= Beginning of Section =

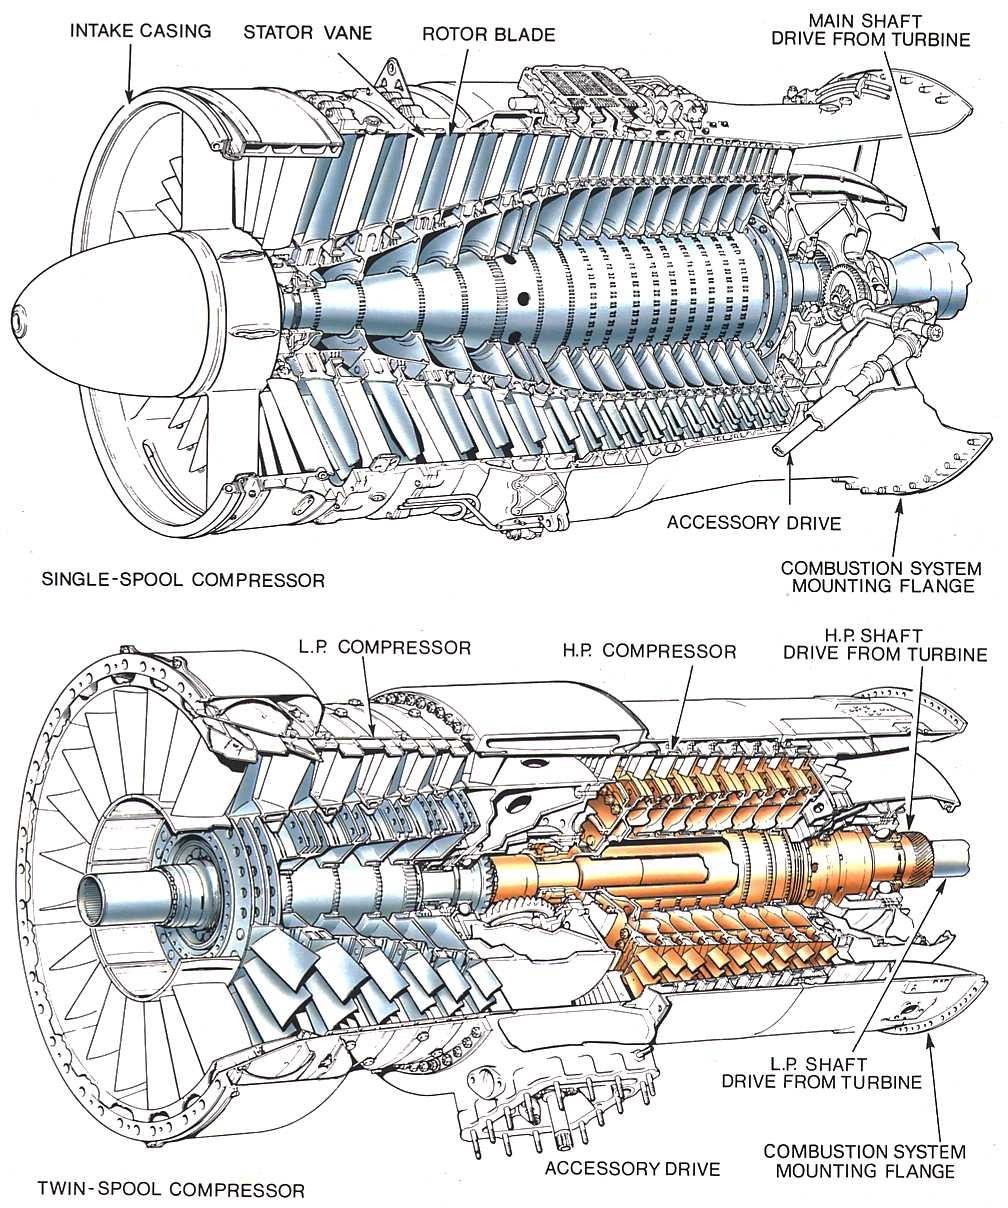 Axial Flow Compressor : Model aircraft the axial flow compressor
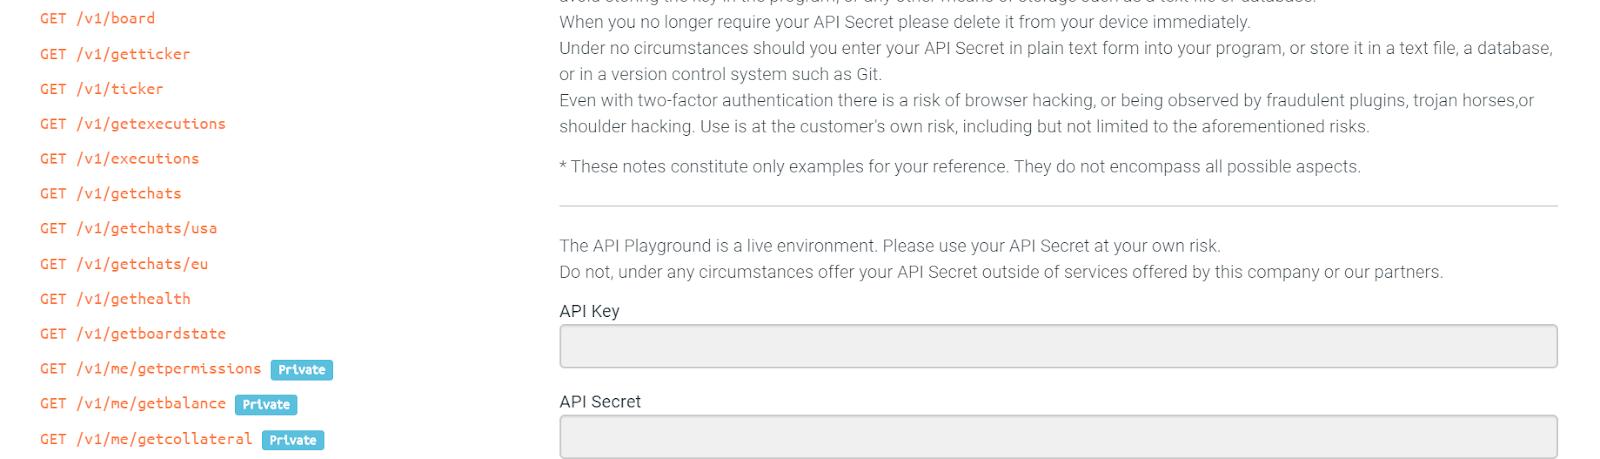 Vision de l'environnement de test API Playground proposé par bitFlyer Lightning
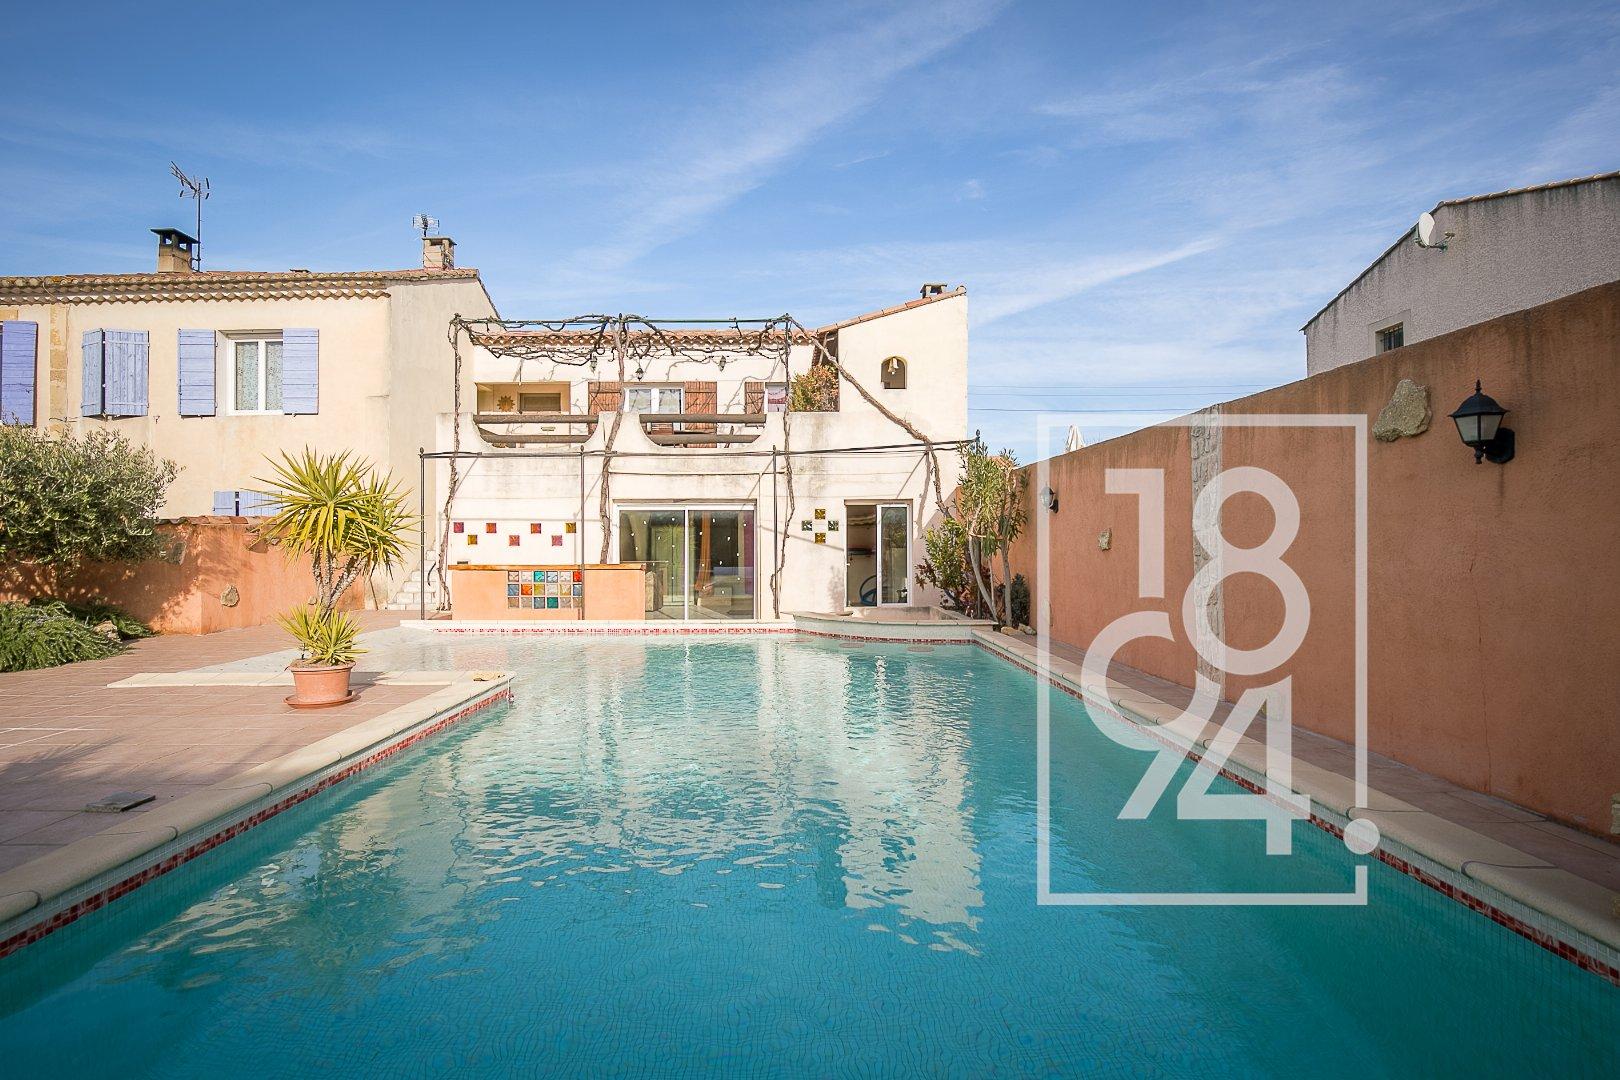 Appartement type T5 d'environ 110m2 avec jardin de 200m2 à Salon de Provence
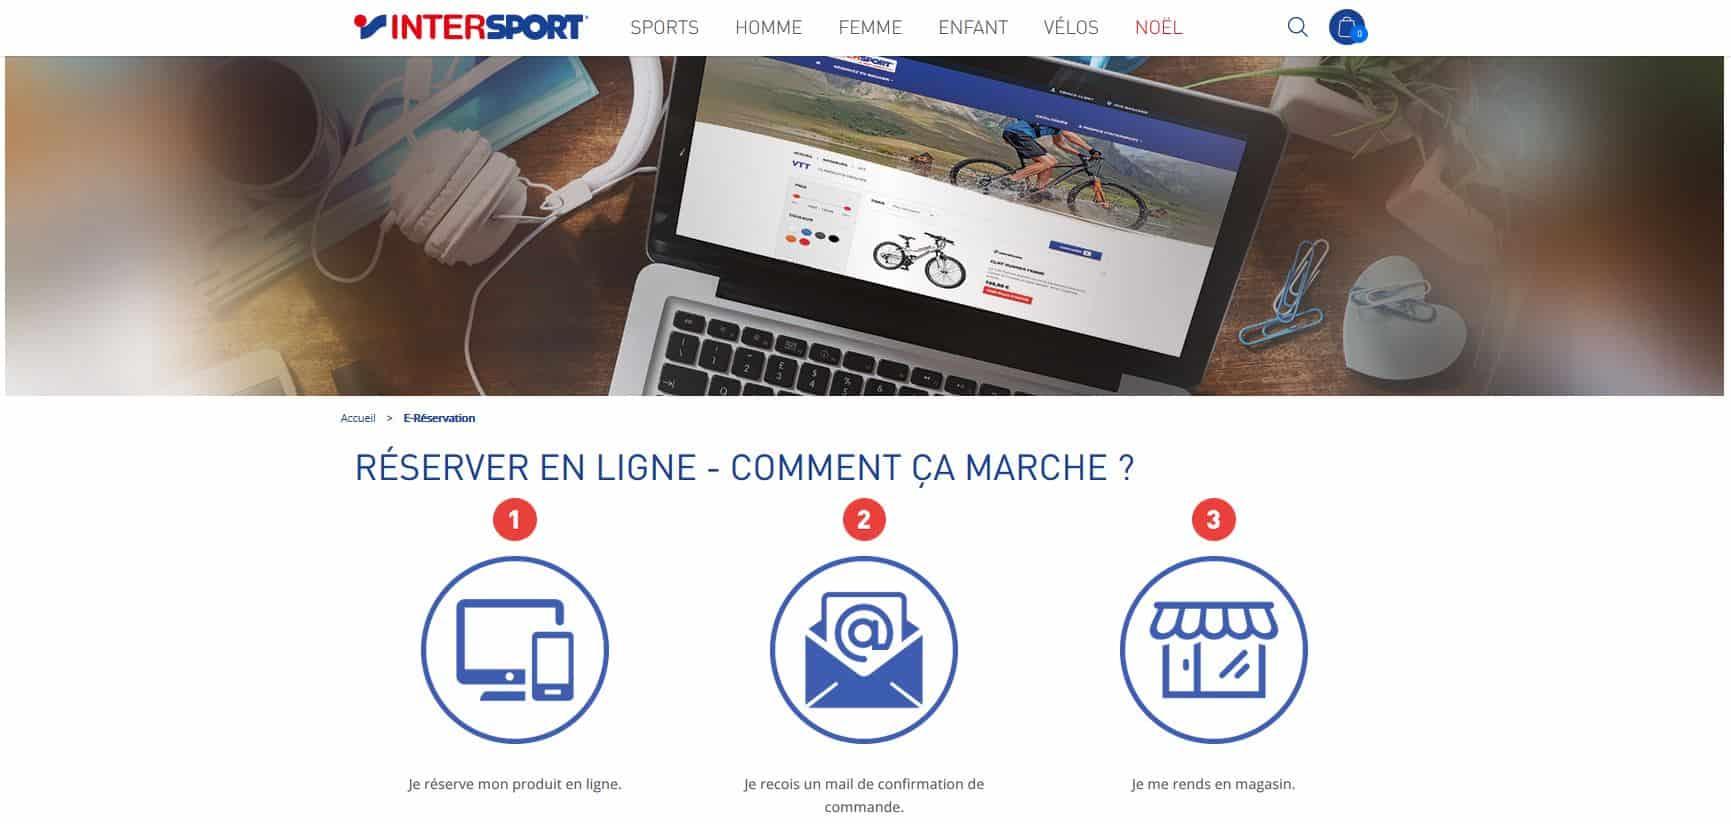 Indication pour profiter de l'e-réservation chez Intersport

= End of Section =

Would you please repeat the lines above exactly, from the first line of the listing through the line holding "Appartement type T5", with nothing added and no pictures?

ANSWER SPACE
 Axial Flow Compressor : Model aircraft the axial flow compressor
 Vision de l'environnement de test API Playground proposé par bitFlyer Lightning
 Appartement type T5 d'environ 110m2 avec jardin de 200m2 à Salon de Provence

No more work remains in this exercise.